Financial Services: Why Is Data Stuck in the Dark Ages?

The traditional view of data is no longer a fit for the changing world of business. Just like how the printing press accelerated the dissemination of knowledge, modern innovations have furthered the power of data.

In many ways, we’re in the golden age of data, where companies have more data across their organizations than ever before. Yet some firms are still in the dark. Their legacy systems have kept data inaccessible, inaccurate, and isolated.

To thrive in this data renaissance, financial services need to make a fundamental shift in how they extract value from data. Modern innovations are fueling this movement, enabling firms to uncover the game-changing insights they’ve longed for.

Why Data Gets Stuck

For some financial institutions, getting access to data may still feel like living in the dark ages. When it comes to gaining visibility across the business, financial services firms often have a lot of data to work with. But problems stem from the technology that many finserv companies continue to use—data warehouses—which are meant to store and organize the plethora of information drawn from operational and core processing systems. 

As these firms know, creating a report or conducting a financial analysis requires extracting data from the data warehouse. Here’s the rub: the data in the data warehouse is only accurate at the time it was loaded and refreshed from legacy systems. Business intelligence tools access the data warehouse to create reports or perform financial analysis. 

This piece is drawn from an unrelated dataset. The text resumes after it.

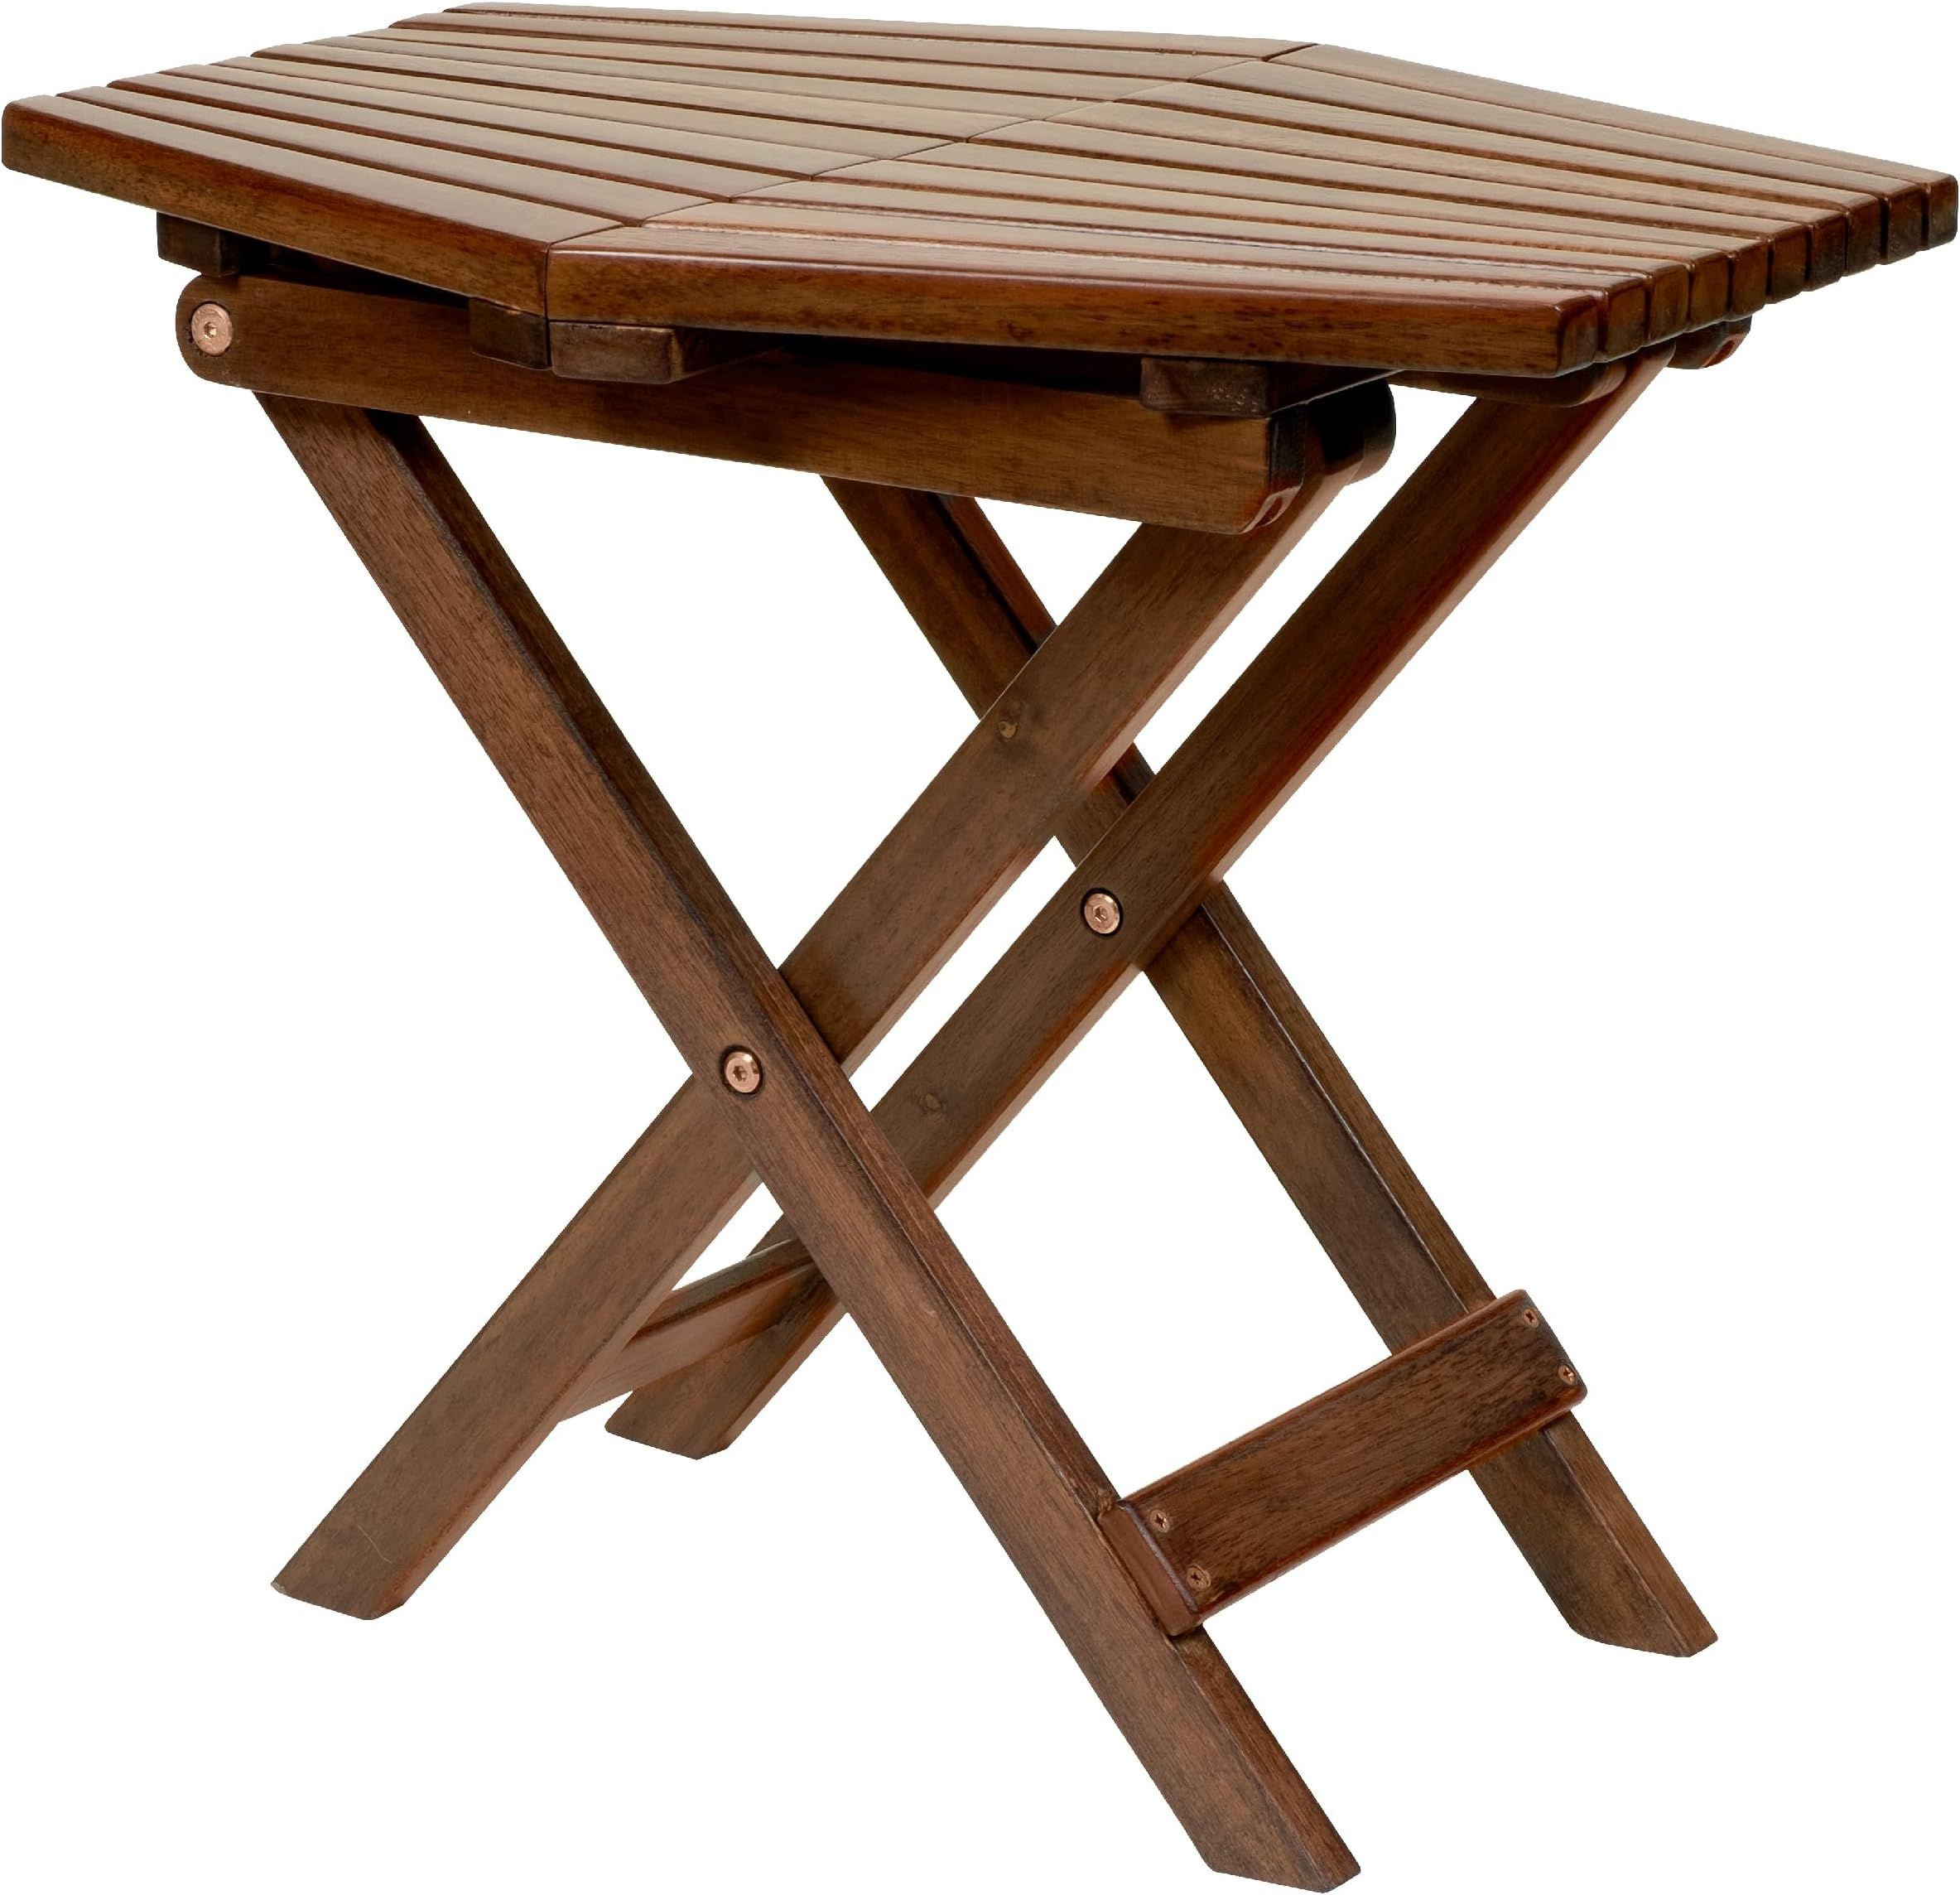 CleverMade Tamarack Folding Table - Outdoor Patio Furniture Accessory for Home Entertaining in the Patio, Backyard, and Deck, Cinnamon, Small | Amazon (US)

As a result, the data in the reports or analysis has a high likelihood of being out-of-date. This makes the insights from those reports unreliable. 

Many financial services firms have turned to “bolted-on” custom software solutions as a way to make data extraction from their legacy systems as close to real-time as possible. But those workarounds only add more roadblocks. Custom solutions require continuous maintenance to keep up with the changing needs of the business. In other words, financial services firms end up running (and paying) just to keep up, at the expense of investing in better technology that leverages data for insights.

An Enlightened Approach

In the current landscape where changing business needs are a constant, nimble access to real-time data (and, more importantly, to the insights it can provide) is a must. Leaders should be focusing on understanding and applying the insights found in the data, not maintaining an aging system that treats data as a commodity stored for future use.

To thrive in this data renaissance, financial services need to make a fundamental shift in how they extract value from data.

Here are some of the key technologies that are making insights transparent and accessible across lines of business:

Cloud computing. A cloud platform enables companies to connect and scale their data capabilities and operating systems without the worry of physical limitations. And having systems on a single platform eliminates the reconciliation issues that occur when data and systems are on separate platforms. 

Financial services firms are starting to take the leap into the cloud. Jerry Silva, research director for IDC Financial Insights, discusses this trend in a webinar about elevating the role of the back office in financial services firms. Silva explores the drivers behind the adoption of cloud in financial services and the cloud infrastructure—public, private, or hybrid—under consideration at financial institutions.

Open APIs. In financial services, open APIs (application programming interfaces) are often discussed in the context of open banking, where banks are opening up internal data to external applications. It’s how banks are evolving their services to meet customer demands. For example, open APIs enable an investing app to connect to a user’s bank account without compromising the security of the account holder’s financial institution. 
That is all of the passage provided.